The Hong Kong economy shrank by 0.4 percent between
October and December over a 3 percent contraction from July to September, official data showed.
Cause of recession
The recession was caused by often violent antigovernment protests and the protracted trade war between the United States and China.
“The text of the law in China has not yet been released. Words matter,” said Craig Allen, the president of the Us-china Business Council. The group would like to see all sides “deescalate and maintain the ‘one-country two systems’ model for Hong Kong, which has served everyone so well for so many years,” he said.
“If they are targeting Hong Kong’s financial business, they’d think US financial companies have a lot of dominance in Hong Kong. But this is not really the case anymore, since Chinese companies have gained market share,” said Iris Pang, chief economist at ING
Bank in Hong Kong.
“China will retaliate on this.
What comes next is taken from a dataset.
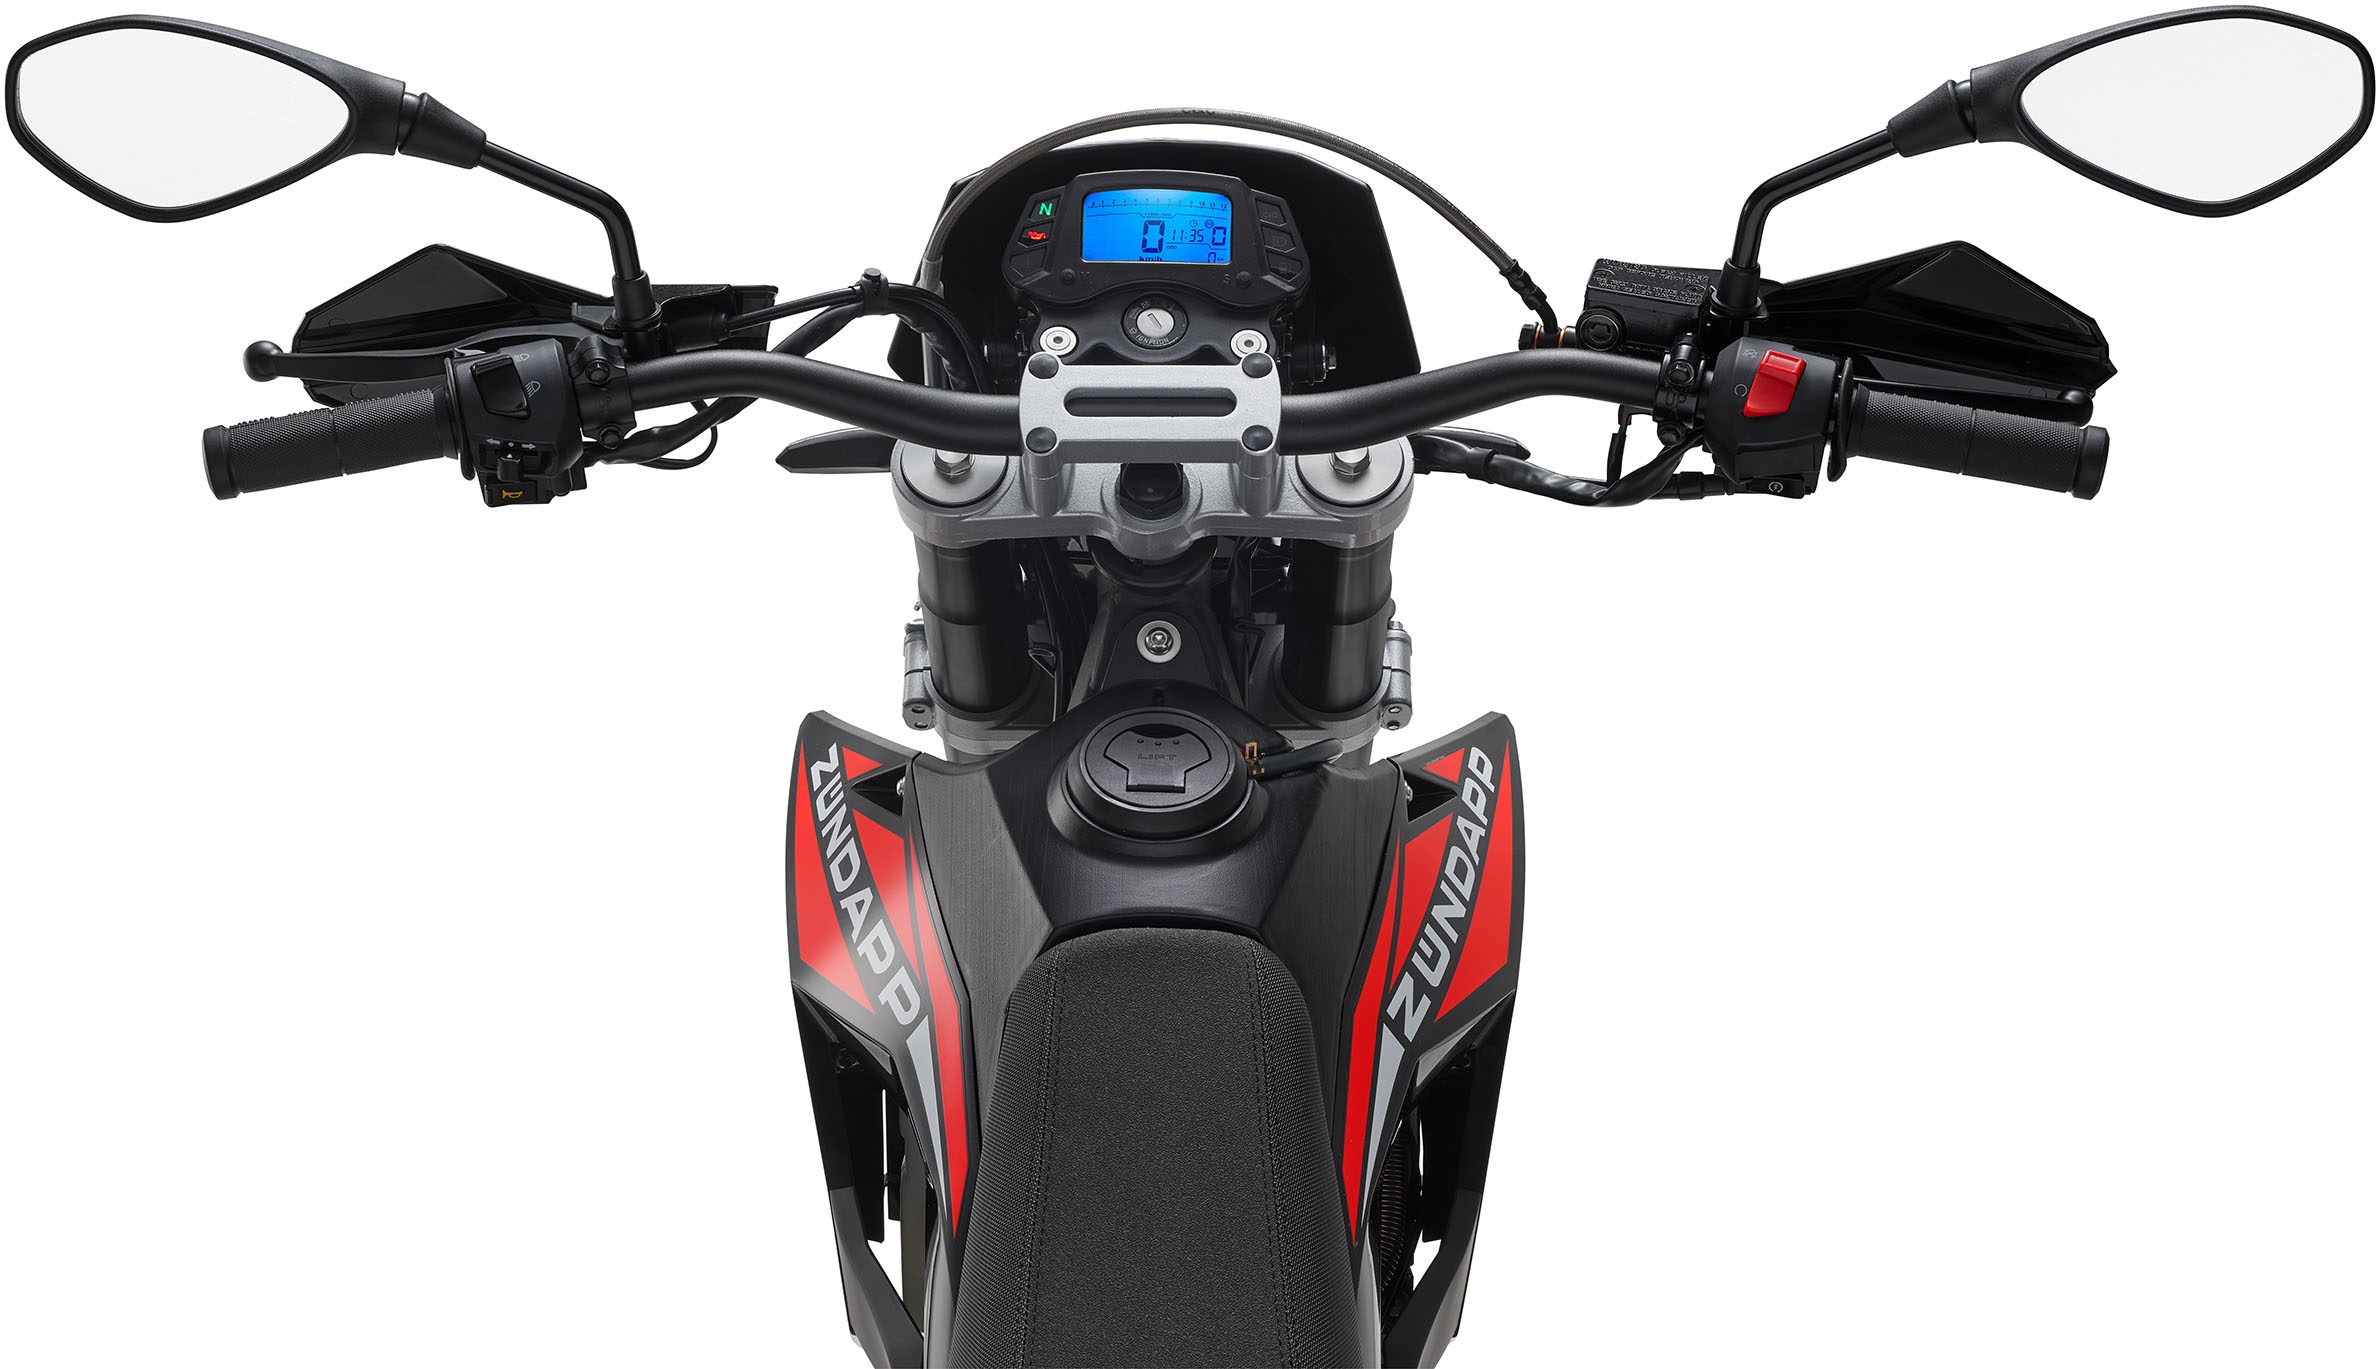 Zündapp Motorrad »ZXE 50 Enduro E5 (45km/h) rot/schwarz«, 50 cm³, 45 km/h, Euro 5, 4,75 PS, Sportliches Design

It’s more the Chinese retaliation that I’m waiting for and worried about, because I don’t know how they will retaliate,” she added.
Dane Chamorro, a partner in Control Risk Group’s Asia Pacific practice, said a larger exodus would depend on whether the security law preserves Hong Kong’s business law framework and the free movement of capital.
More important business
“You will have people concerned about it for sure, but they’re not going to leave as long as those two things are there,” Chamorro said, adding many international companies operate in countries with onerous security regimes.
What’s more important is preserving the sanctity of contracts, consistent labor rules and predictable regulation, Chamorro said.
The United States and China clashed over Hong Kong at the United Nations on Wednesday after Beijing opposed a request by Washington for the Security Council to meet over China’s plan to impose new national security legislation on the territory.
The US mission to the United Nations said in a statement that the issue was “a matter of urgent global concern that implicates international peace and security” and therefore warranted the immediate attention of the 15-member council.
China “categorically rejects the baseless request” because the national security legislation for Hong Kong was an internal matter and “has nothing to do with the mandate of the Security Council,” China’s UN Ambassador Zhang Jun posted on Twitter.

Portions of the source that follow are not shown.